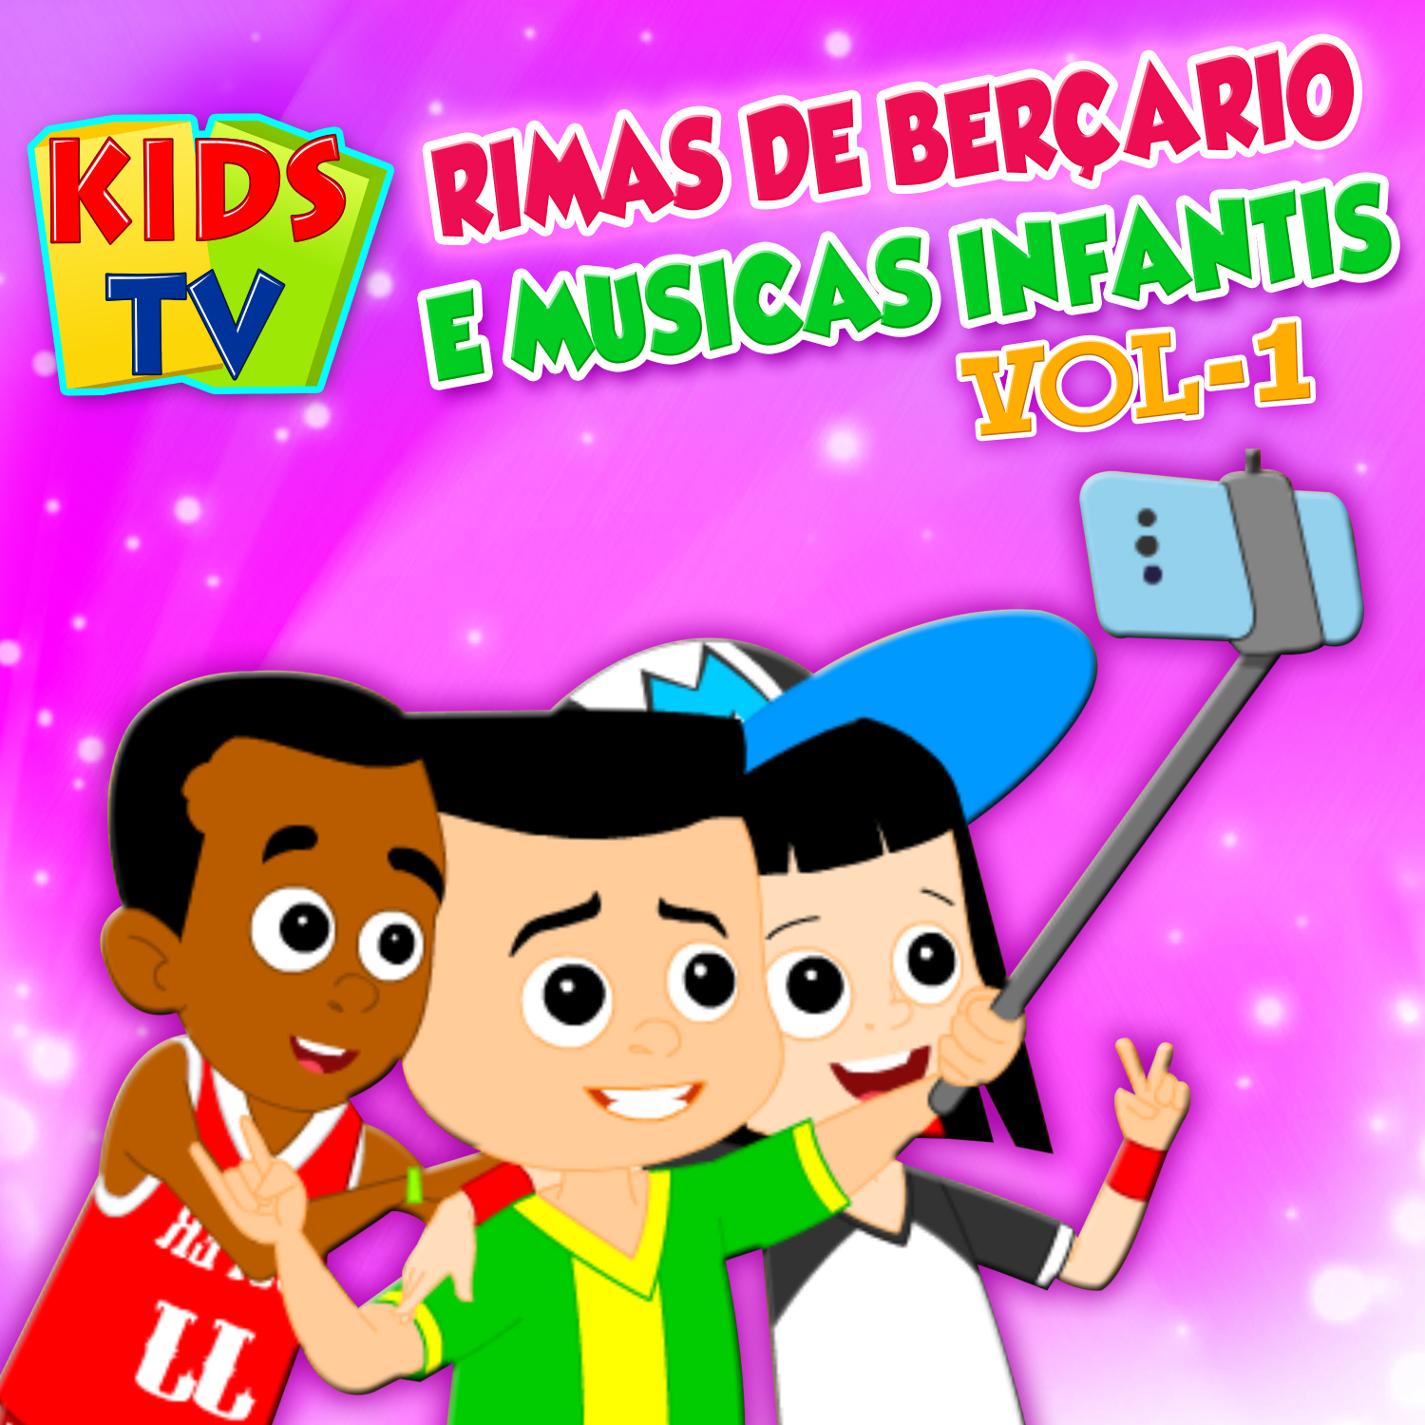 Rimas De Ber ario E Musicas Infantis  Vol. 1
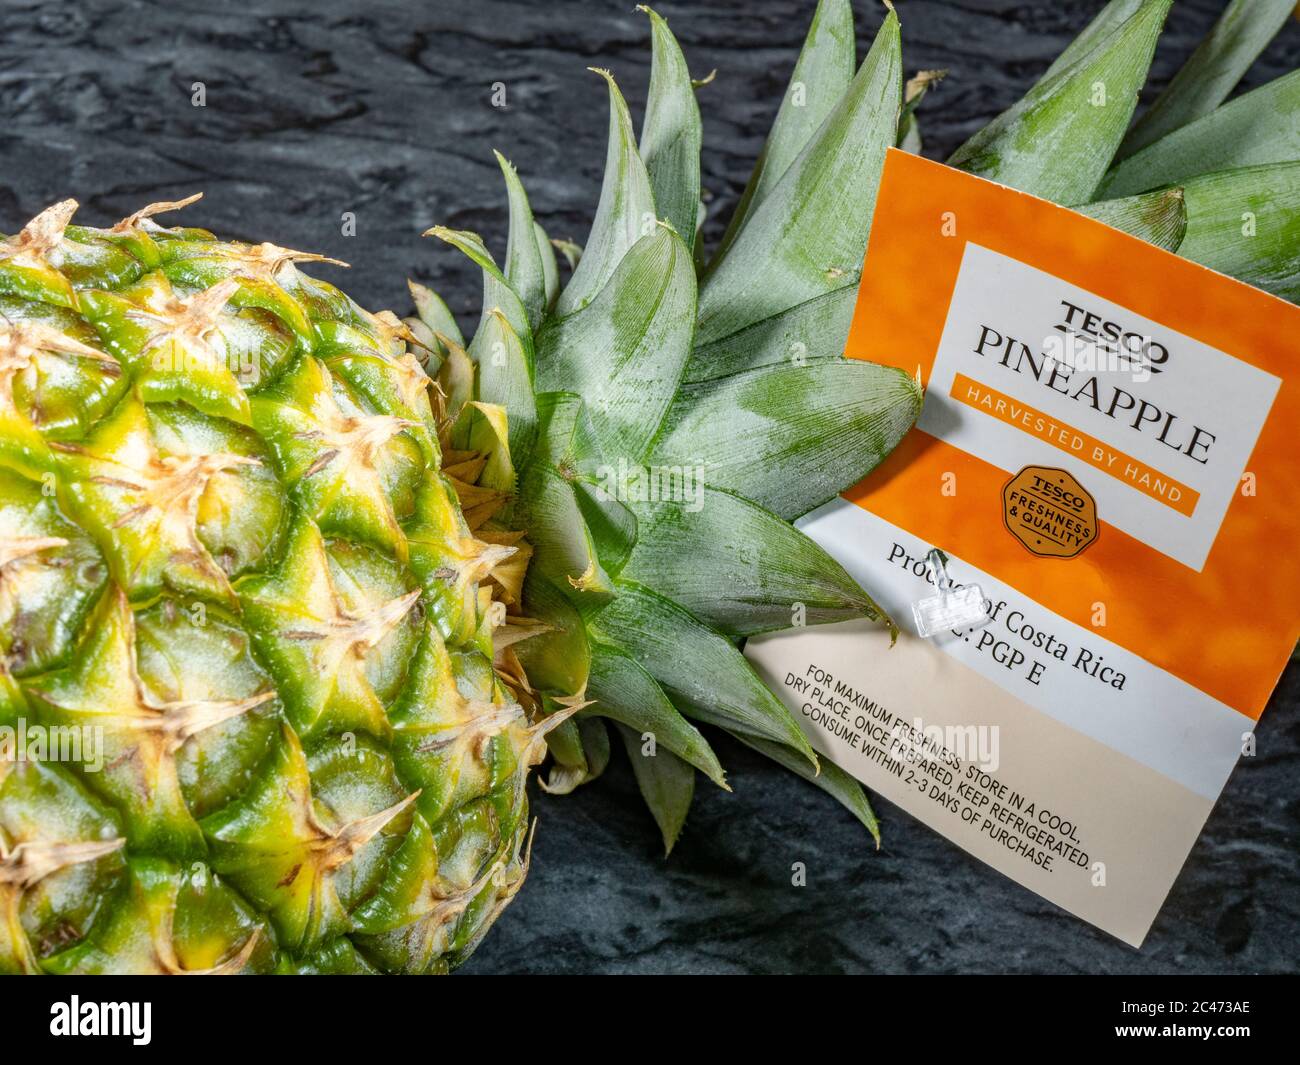 Gros plan d’un ananas frais du supermarché Tesco portant l’étiquette de marque et les informations «récoltées à la main» et «produit du Costa Rica». Banque D'Images
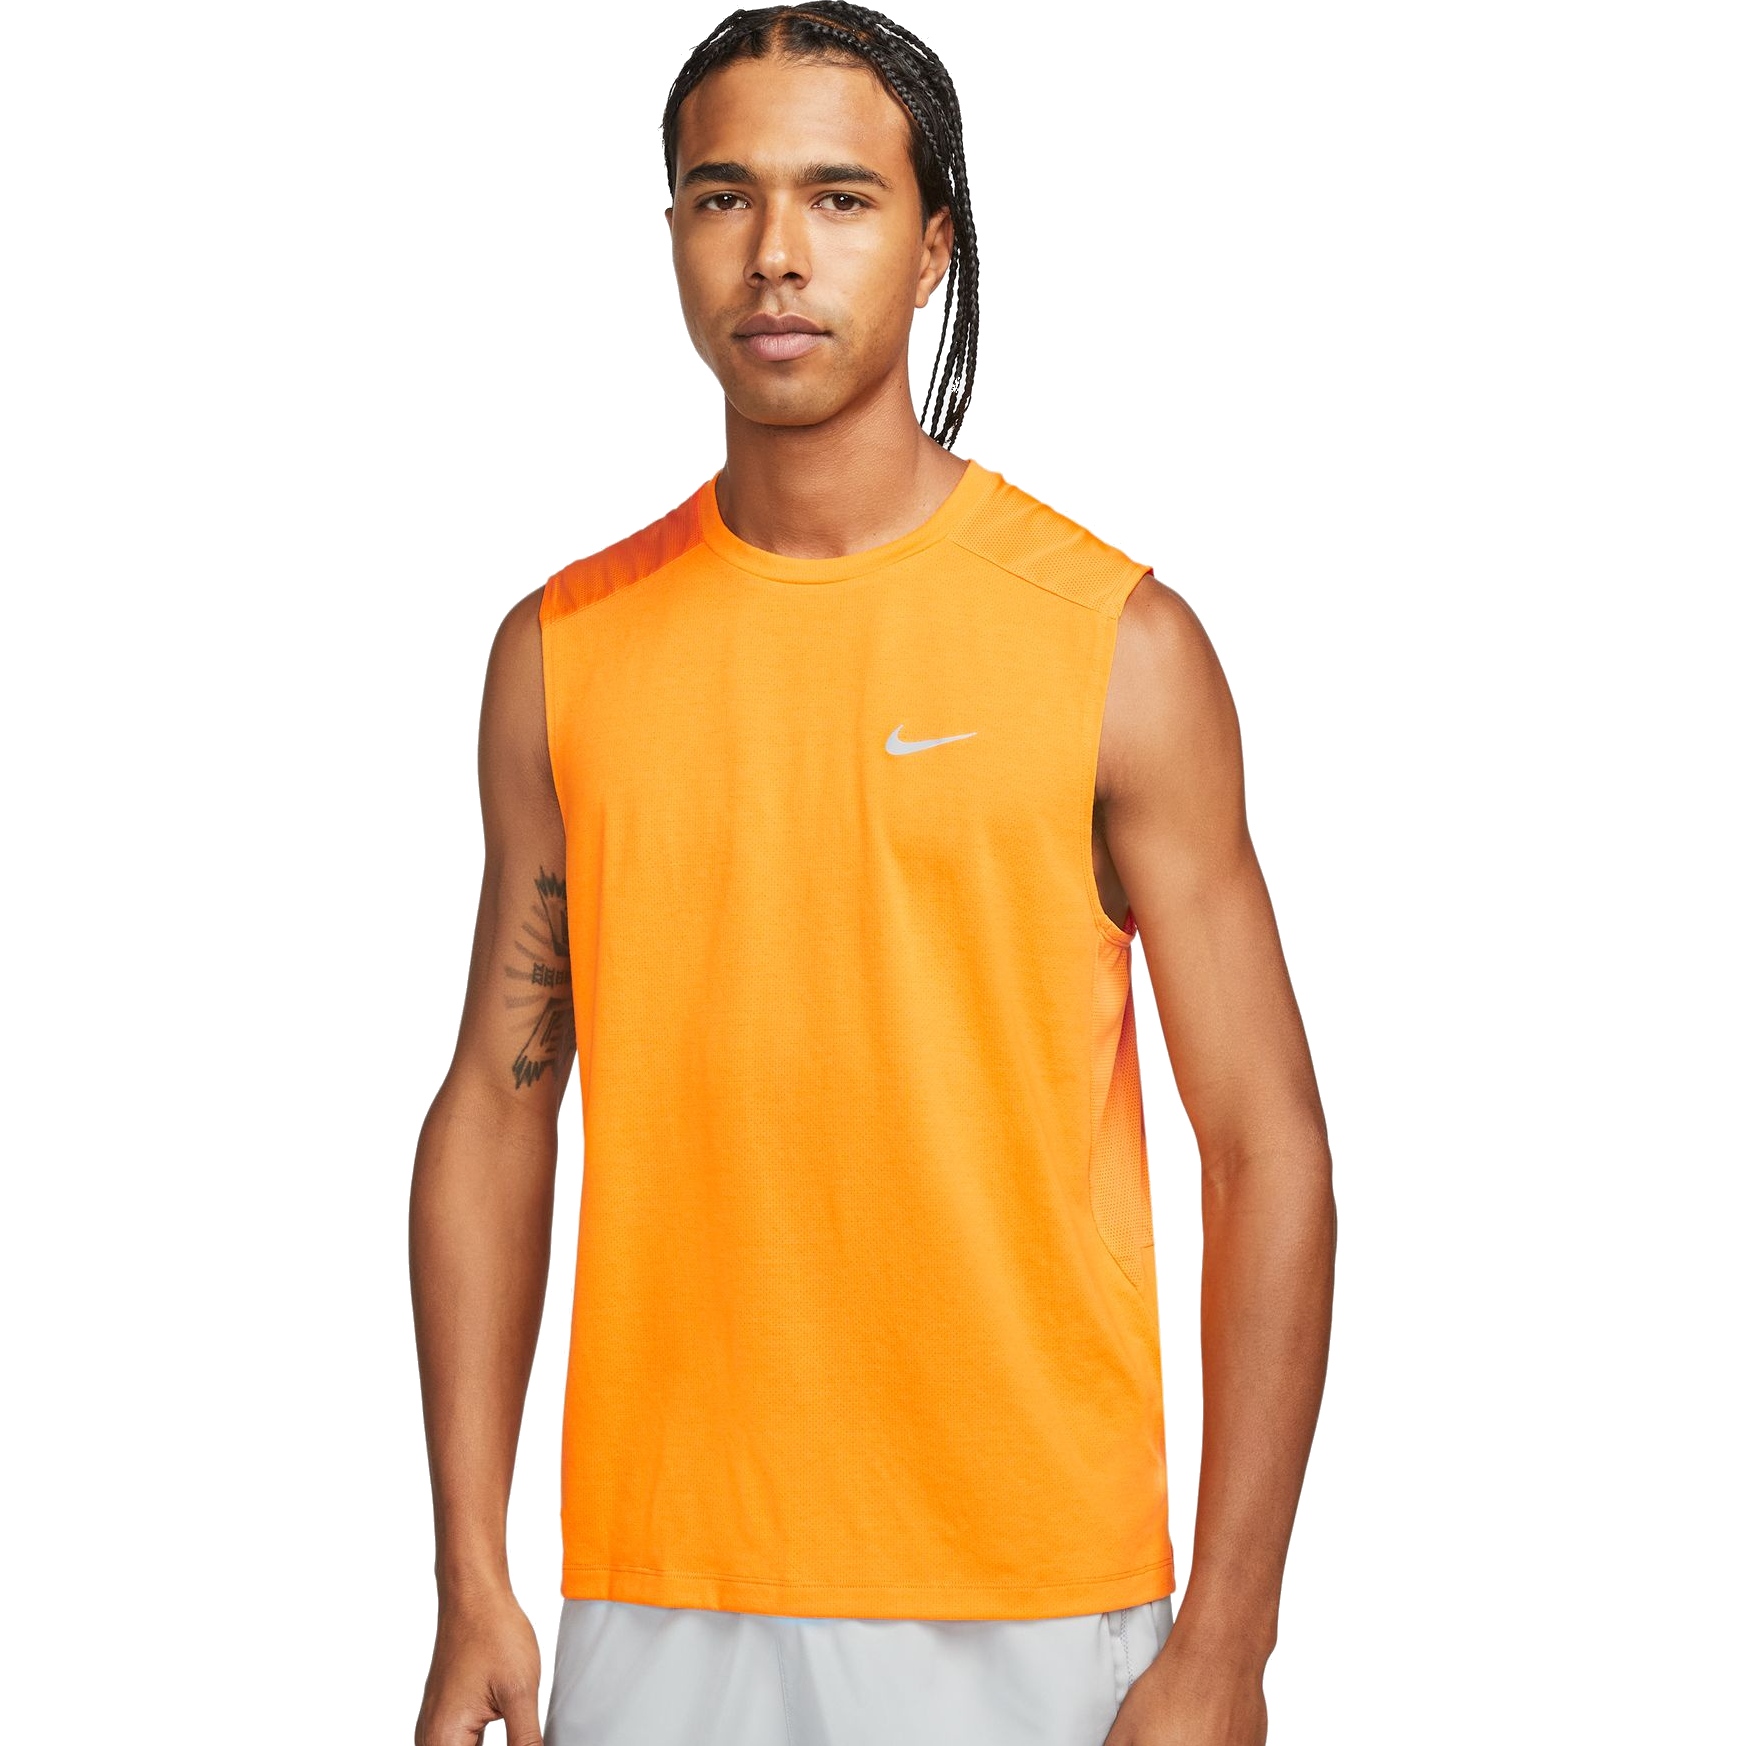 Produktbild von Nike Dri-FIT Run Division Rise 365 Herren Laufoberteil - vivid orange/reflective silver DX0851-836

** Assignment **
Copy the listing exactly. Any image in it stays out of the copy.

** Reply to the exercise **
 Rimas De Ber ario E Musicas Infantis  Vol. 1
 Gros plan d’un ananas frais du supermarché Tesco portant l’étiquette de marque et les informations «récoltées à la main» et «produit du Costa Rica». Banque D'Images
 Produktbild von Nike Dri-FIT Run Division Rise 365 Herren Laufoberteil - vivid orange/reflective silver DX0851-836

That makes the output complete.